Once you reestablish your network connections towards the configured check-list:

----
09:53:23,461 INFO  [org.apache.activemq.artemis.core.server.NetworkHealthCheck] Network is healthy, starting service ActiveMQServerImpl::
09:53:23,462 INFO  [org.apache.activemq.artemis.core.server] AMQ221000: primary Message Broker is starting with configuration Broker Configuration (clustered=false,journalDirectory=./data/journal,bindingsDirectory=./data/bindings,largeMessagesDirectory=./data/large-messages,pagingDirectory=./data/paging)
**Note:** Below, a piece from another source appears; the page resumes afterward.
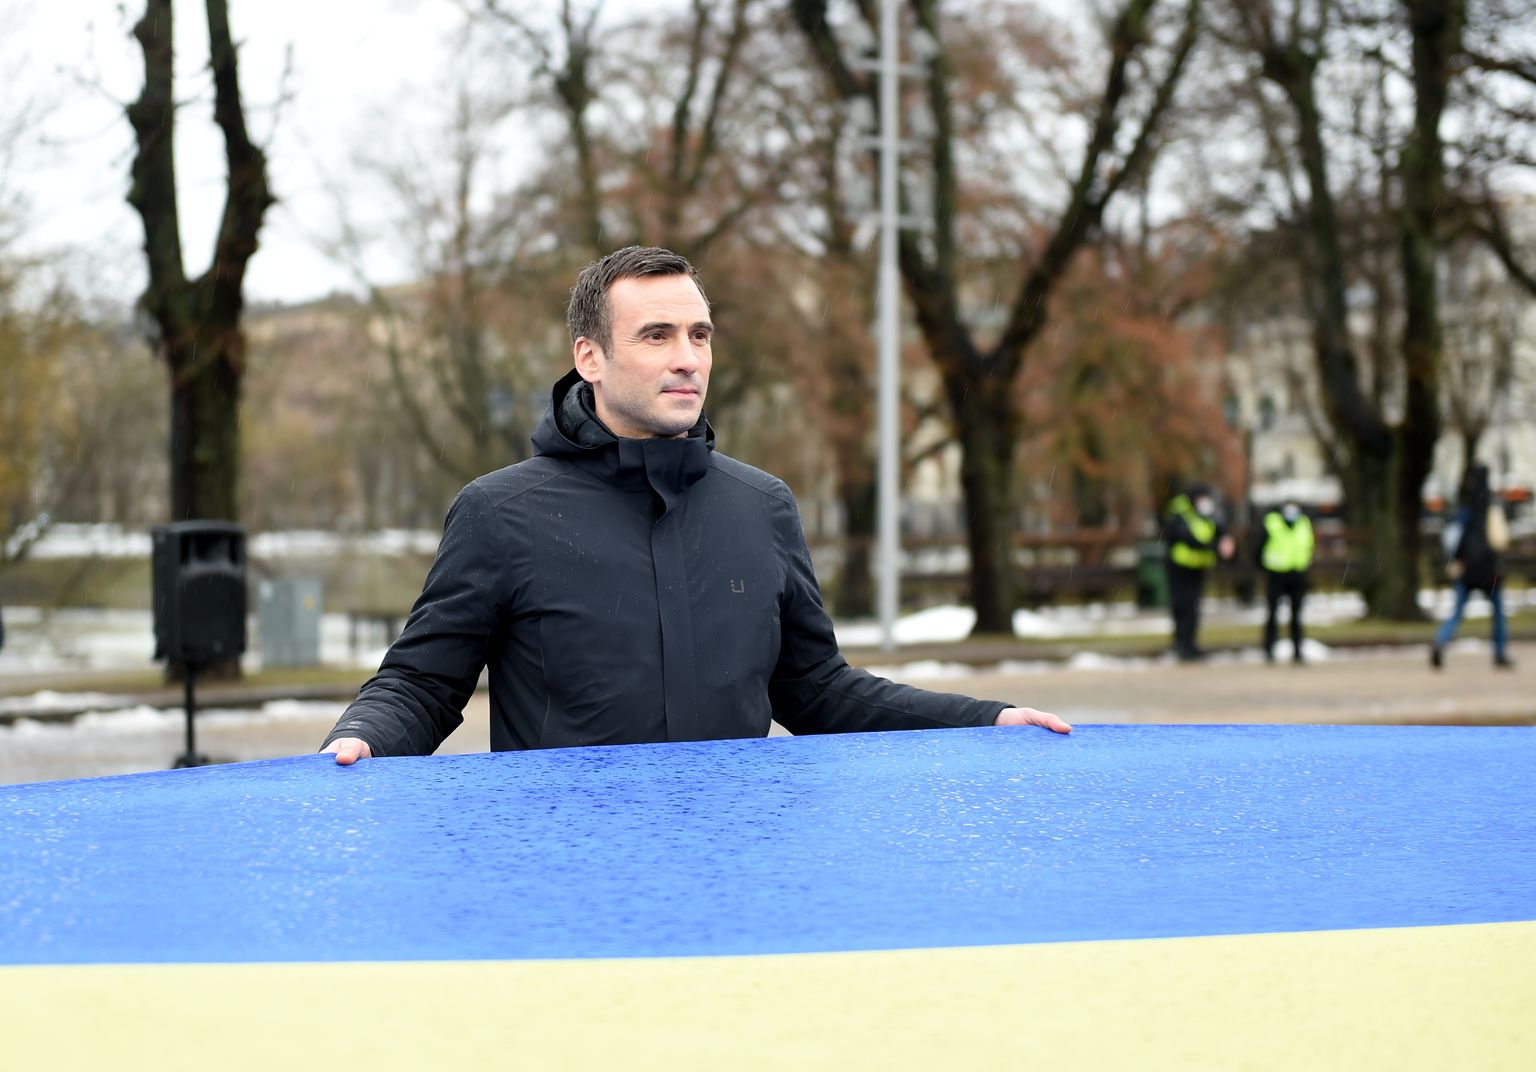 Rīgas mērs Mārtiņš Staķis piedalās akcijā "Karogs par mieru Ukrainā" pie Brīvības pieminekļa, kur tiek izritināts lielais Ukrainas karogs, atzīmējot "Ukrainas nedēļu" un paužot atbalstu šīs valsts suverenitātei.

09:53:23,462 INFO  [org.apache.activemq.artemis.core.server] AMQ221013: Using NIO Journal
09:53:23,462 INFO  [org.apache.activemq.artemis.core.server] AMQ221043: Protocol module found: [artemis-server]. Adding protocol support for: CORE
09:53:23,463 INFO  [org.apache.activemq.artemis.core.server] AMQ221043: Protocol module found: [artemis-amqp-protocol]. Adding protocol support for: AMQP
09:53:23,463 INFO  [org.apache.activemq.artemis.core.server] AMQ221043: Protocol module found: [artemis-hornetq-protocol]. Adding protocol support for: HORNETQ
09:53:23,463 INFO  [org.apache.activemq.artemis.core.server] AMQ221043: Protocol module found: [artemis-mqtt-protocol]. Adding protocol support for: MQTT
09:53:23,464 INFO  [org.apache.activemq.artemis.core.server] AMQ221043: Protocol module found: [artemis-openwire-protocol]. Adding protocol support for: OPENWIRE
09:53:23,464 INFO  [org.apache.activemq.artemis.core.server] AMQ221043: Protocol module found: [artemis-stomp-protocol]. Adding protocol support for: STOMP
09:53:23,541 INFO  [org.apache.activemq.artemis.core.server] AMQ221003: Deploying queue jms.queue.DLQ
09:53:23,541 INFO  [org.apache.activemq.artemis.core.server] AMQ221003: Deploying queue jms.queue.ExpiryQueue
09:53:23,549 INFO  [org.apache.activemq.artemis.core.server] AMQ221020: Started Acceptor at 0.0.0.0:61616 for protocols [CORE,MQTT,AMQP,STOMP,HORNETQ,OPENWIRE]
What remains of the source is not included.